Last updated on: June 26, 2018, 04:12h.
Kentucky is going all out for a sports betting bill in 2019 amid a nationwide push for sports betting implementation after the recent PASPA ruling in May. On Monday, State Sen. Julian Carrol filed his sports betting bill (BR 29) early, in preparation for the next legislative session, which starts in September.
The legislative session in the Bluegrass State expires earlier than some — this year on April 14, a whole month before the US Supreme Court rejected PASPA, the federal law that has prohibited state-sanctioned sports betting since 1992.
The state decided to form a nine-member, bi-partisan panel, on which Carrol sits, that is tasked with drafting legislation for 2019. The hope is that sports betting can be up and running by next summer in Kentucky.
The PASPA decision has injected urgency into Kentucky’s sports betting push. Despite being a center of thoroughbred racing, as well as the host of the Kentucky Derby, currently one of the biggest betting events in the US, the opportunities to gamble are thin at best.
But Carrol needs to get his math straight. His bill proposes a 20 percent tax on handle, the full volume of bets placed, rather than gross gaming revenue, the amount the sports book keeps once winnings have been paid back to bettors.
This is a very important distinction, since sports books generally pay back roughly 95 percent of what they handle.

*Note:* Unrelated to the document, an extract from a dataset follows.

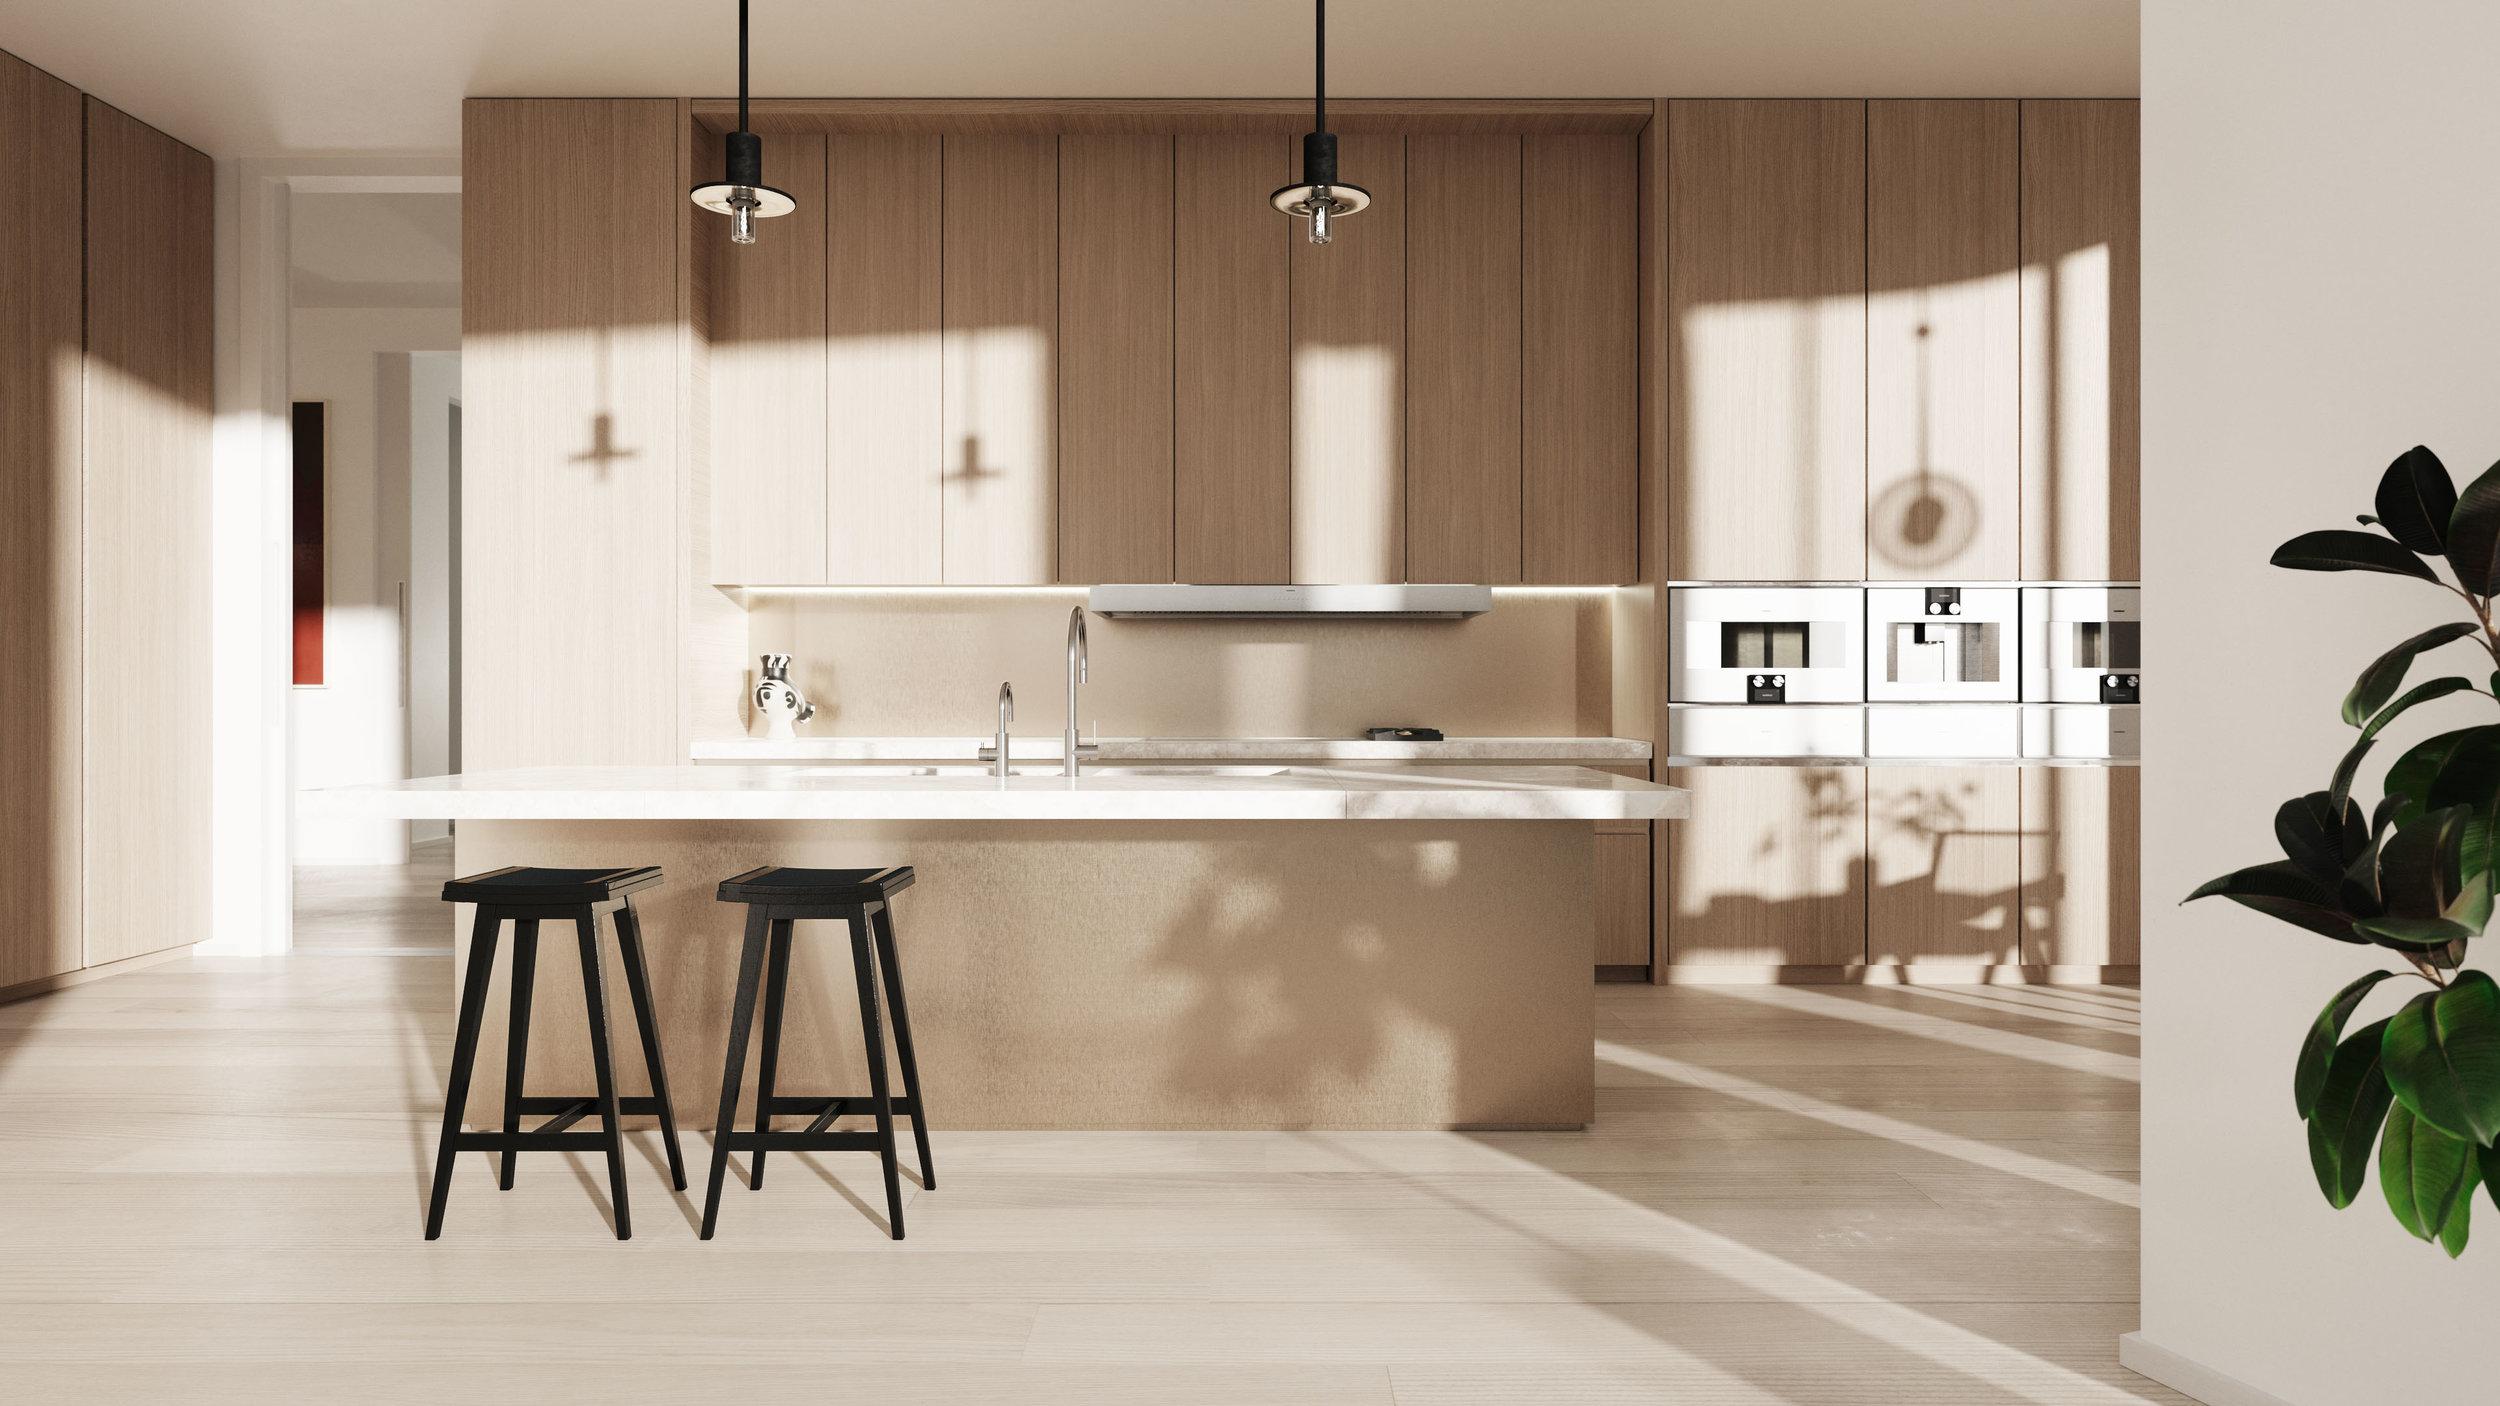 RenzoPiano_Kitchen_StraightOn_190218_Luke_001.jpg

Legal Sports Report estimated this week that this legislative tax as currently constructed equates to around a 60 percent tax on gross gaming revenue, which would be by far the highest tax levied in any jurisdiction in the world.

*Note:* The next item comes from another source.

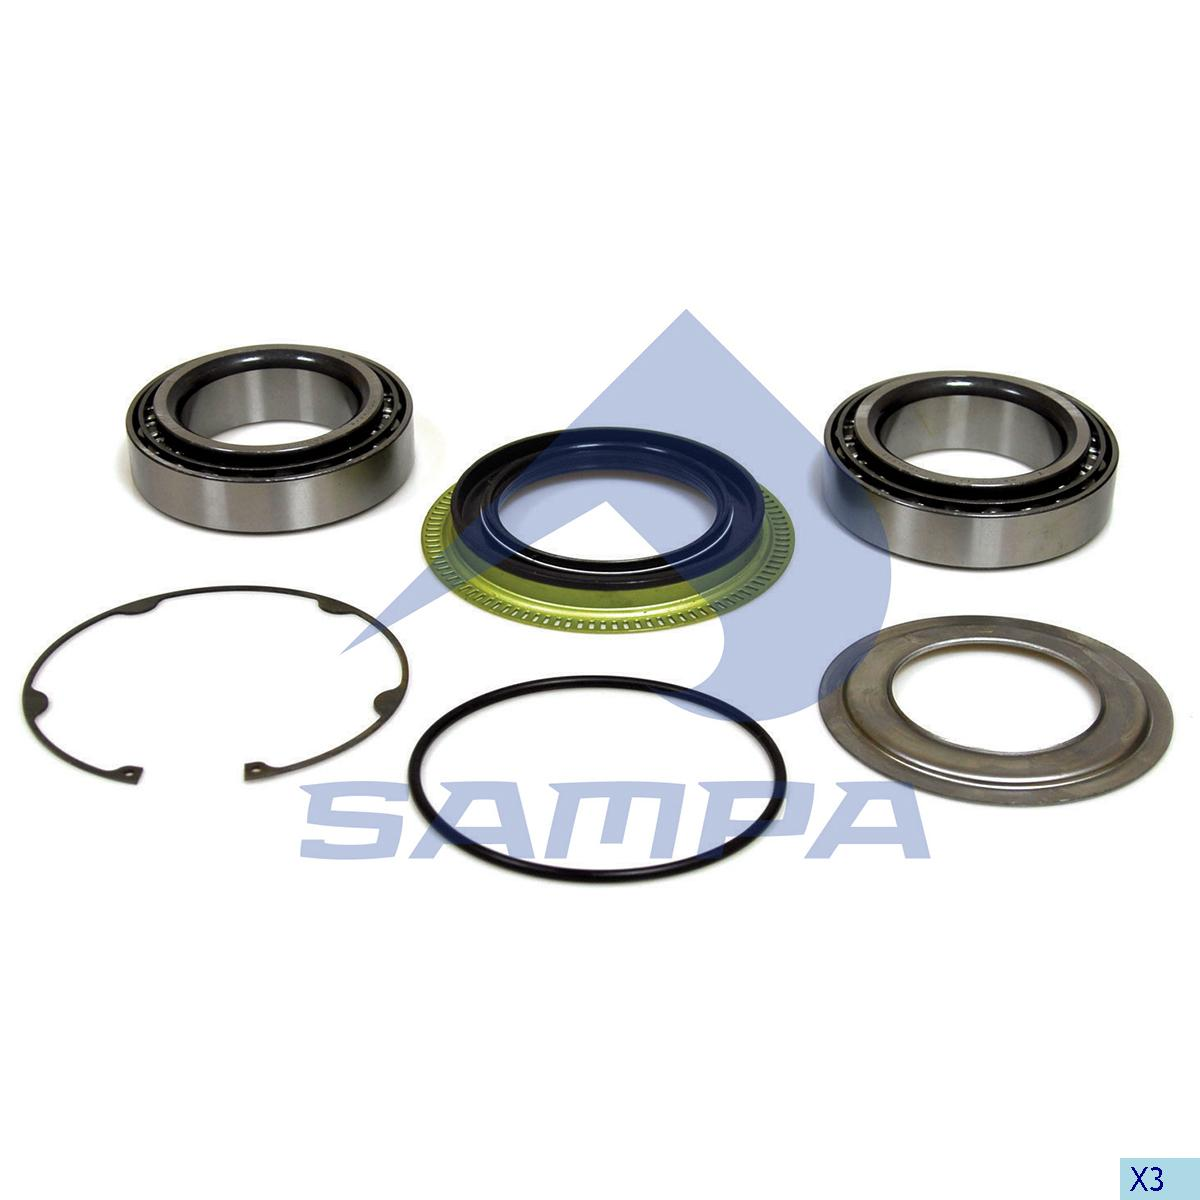 Repair Kit, Wheel Hub, SMB, Power Unit

Diane St. Onge (R-Fort Wright), who also sits on the panel, believes sports betting will bring “much-needed” revenue to the state, but she isn’t promising miracles.
“While the amount brought in would be insufficient to resolve Kentucky’s revenue shortfall, it would most certainly help,” she told The Enquirer last week.
Derby Day for Racetracks
Meanwhile, Churchill Downs Inc, which runs the Derby at its eponymous racetrack, has been chomping at the bit to offer sports betting.

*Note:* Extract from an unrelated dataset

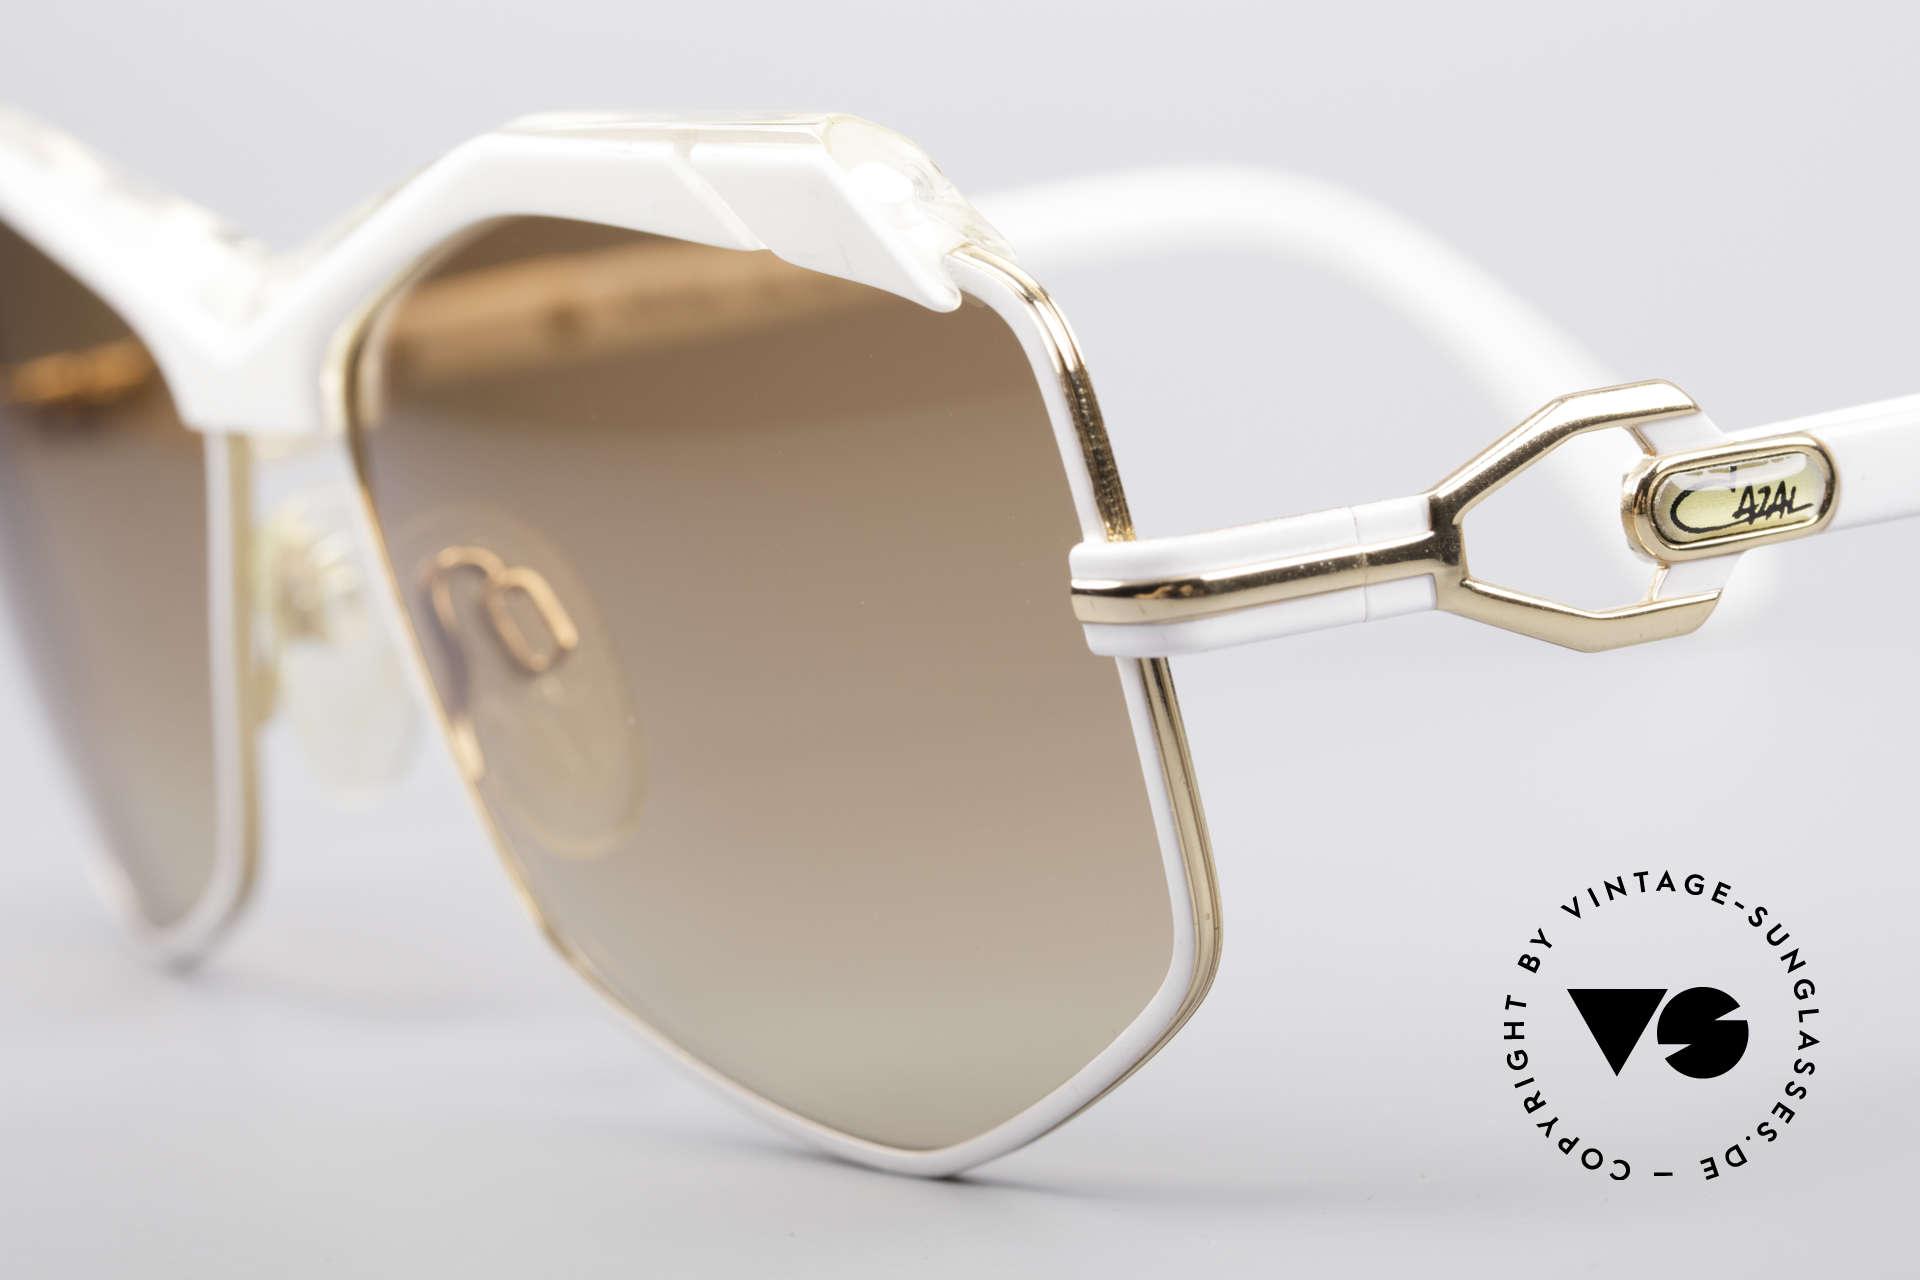 Cazal 230 80er Hip Hop Sonnenbrille, damals Accessoire der amerik. HipHop Szene, Passend für Damen

The operator recently acquired two casinos in states that are guaranteed to be early adopters of sports betting — Presque Isle Downs & Casino in Erie, in Pennsylvania, and Lady Luck Casino Vicksburg, in Mississippi.
Horse racing has declined in popularity across the US and faces an uncertain future, even in Kentucky, and sports betting would bring a much-needed new revenue stream to the race tracks.
More than that, according to St. Onge, “it would expand the liberty of our citizens by allowing them to spend their entertainment dollars the way they want.
“Second,” she added, “illegal sports betting exists in Kentucky and legalizing sports gaming would help run the black market out of business and end this corruption.”